Editor’s note: This is the third article in a series on delivering on your growth strategy through operating model optimization. For additional insights, read the previous articles in the series: “Build the engine that supercharges your growth strategy” and “5 steps to create a path toward profitable growth.”
A complete understanding of how to maximize value creation at an organization can be difficult for even the best business leaders to achieve.
Lack of alignment with customer needs, cumbersome processes, outdated technology and a disengaged workforce all can dilute profits and contribute to wasted motion and tepid investment returns.

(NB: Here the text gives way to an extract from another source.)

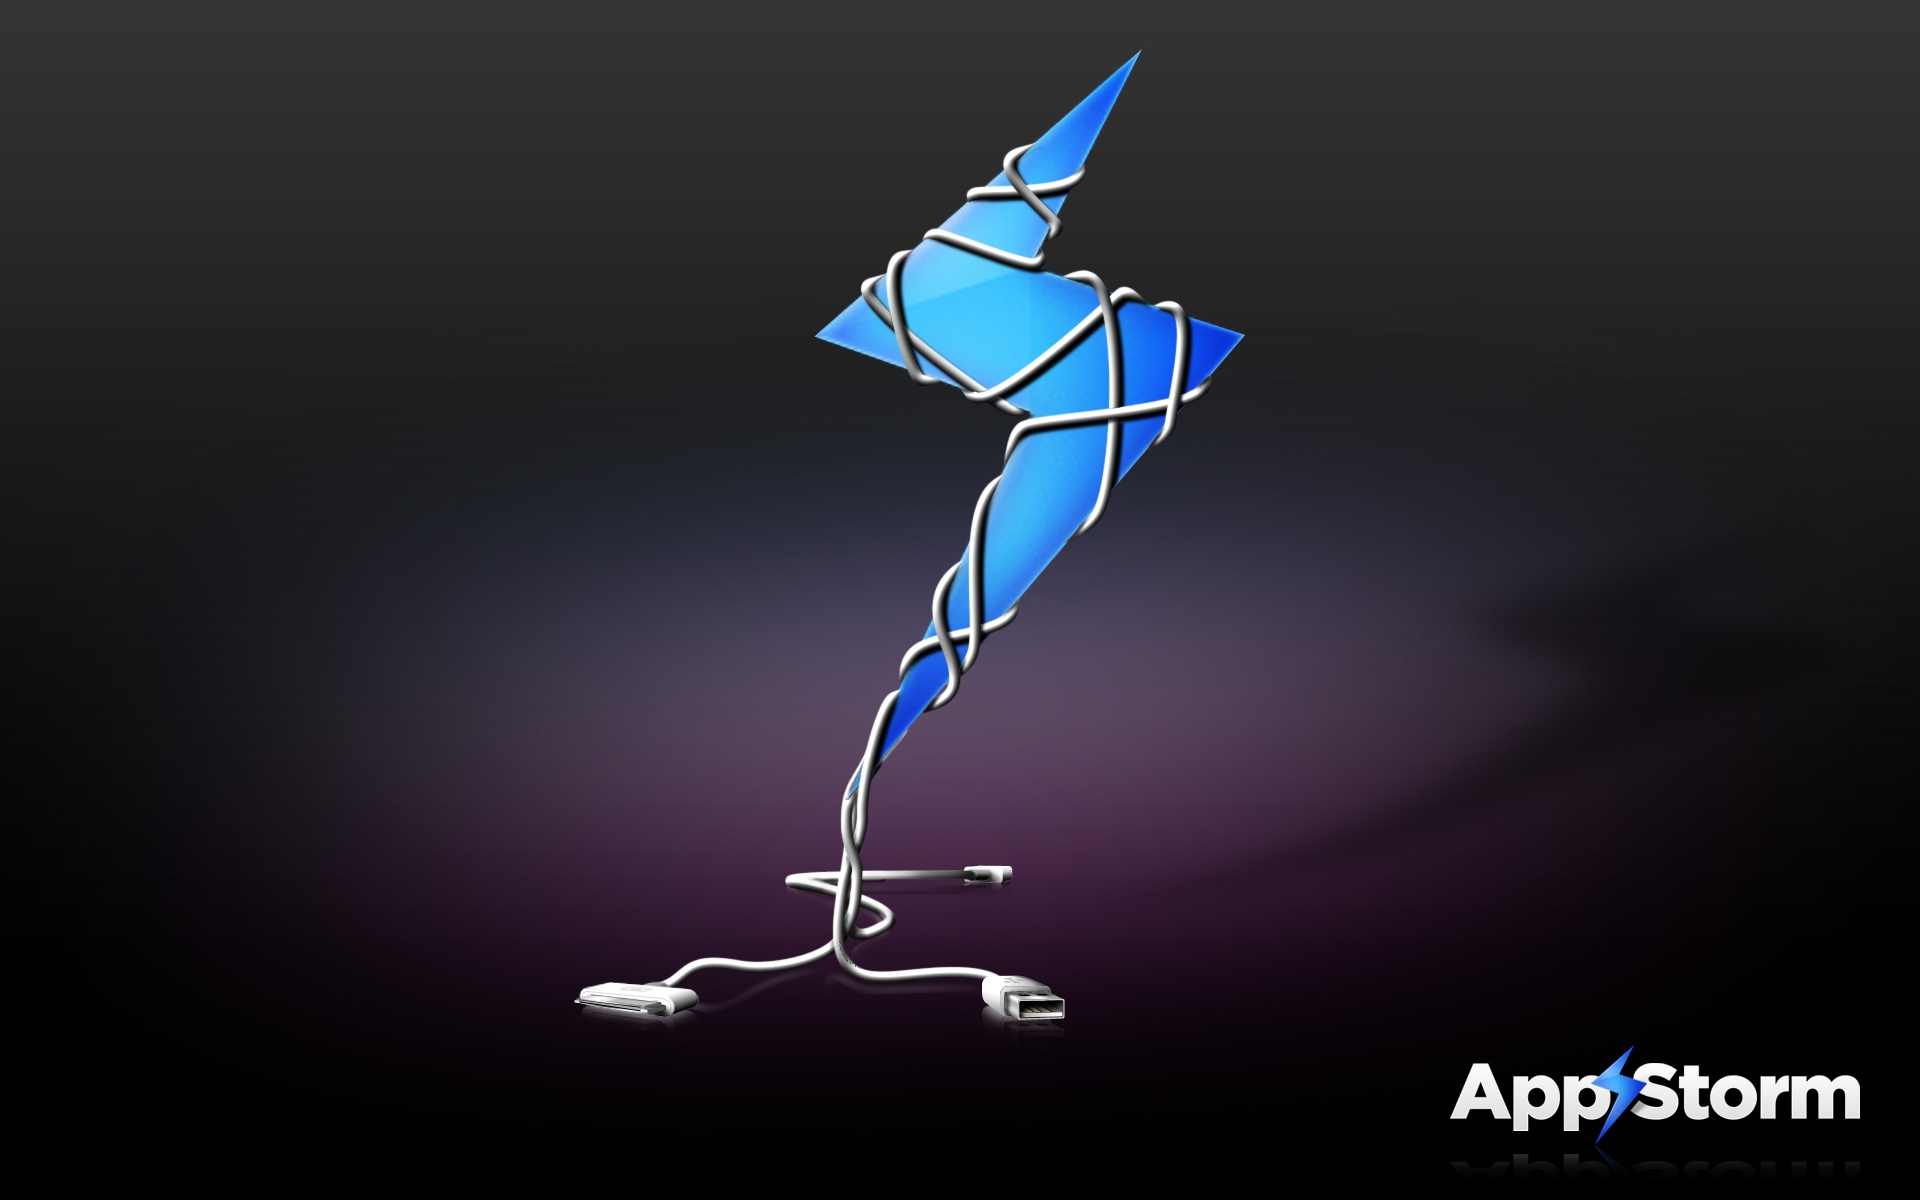 Картинки App storm, apple, mac, blue, purple, rope фото и обои на рабочий стол

The elements of an enterprise operating model — people and culture, process, technology, organizational design model, data and reporting — all need to be aligned with an organization’s business growth strategy and refreshed often to drive value creation.
But leaders with a sound strategy supported by a well-designed and well-aligned enterprise operating model can limit the confusion and inefficiency while maximizing the value that the organization creates for customers, shareholders and employees.
“It is a universal truth that the operating model has to be accretive and supportive of the overarching business strategy,” said Jonathan Eaton, Grant Thornton Growth Advisory Services Principal. “This demands a recurring review. You have to continuously think about the maturity of the operating model and whether it’s designed to do the right thing.”
Tara Soileau, Grant Thornton Transaction Advisory Services Managing Director, likens the operating model to a people, process and technology toolkit for delivering on strategy. The operating model needs to be re-evaluated every time strategies are revisited and adjusted. If you design your operating model improperly or don’t adjust it over time, you’ll get results that reflect those mistakes.
Setting up the right performance metrics to measure your results also helps you evaluate the effectiveness of your operating model — and your strategy.
“You want to benchmark against your peer group or the broader industry, and you also want to benchmark internally to understand where you started and how that has changed as you’ve continued to modify your strategies as well as your operating model,” Soileau said. “That’s how you gauge effectiveness, know if you have something out of alignment, and maintain accountability.”
Focus on shareholders and customers
Grant Thornton Growth Advisory Services Principal Scott McGurl suggested that leaders need to constantly keep two groups of stakeholders in mind as they design their operating model for growth.
The first group is the shareholders or investors of the company for whom financial value is created. The emphasis on shareholder value creation is the fiduciary responsibility of the leadership for every for-profit organization.
Total shareholder return is directly related to the value created for the other group of stakeholders — customers.
“An operating model must be centered around the customer with differentiating capabilities emphasized to drive greater value for this group of stakeholders,” McGurl said.
Value for shareholders and customers can be enhanced through the operating model with a relentless focus on quality and process improvement. This can be accomplished by embracing principles of long-established methodologies such as Six Sigma, which focuses on streamlining and continuously improving processes in the pursuit of zero defects. This drives down costs and increases the reliability and quality you deliver to your end customers, whose satisfaction is a critical metric to be carefully managed within your operating model.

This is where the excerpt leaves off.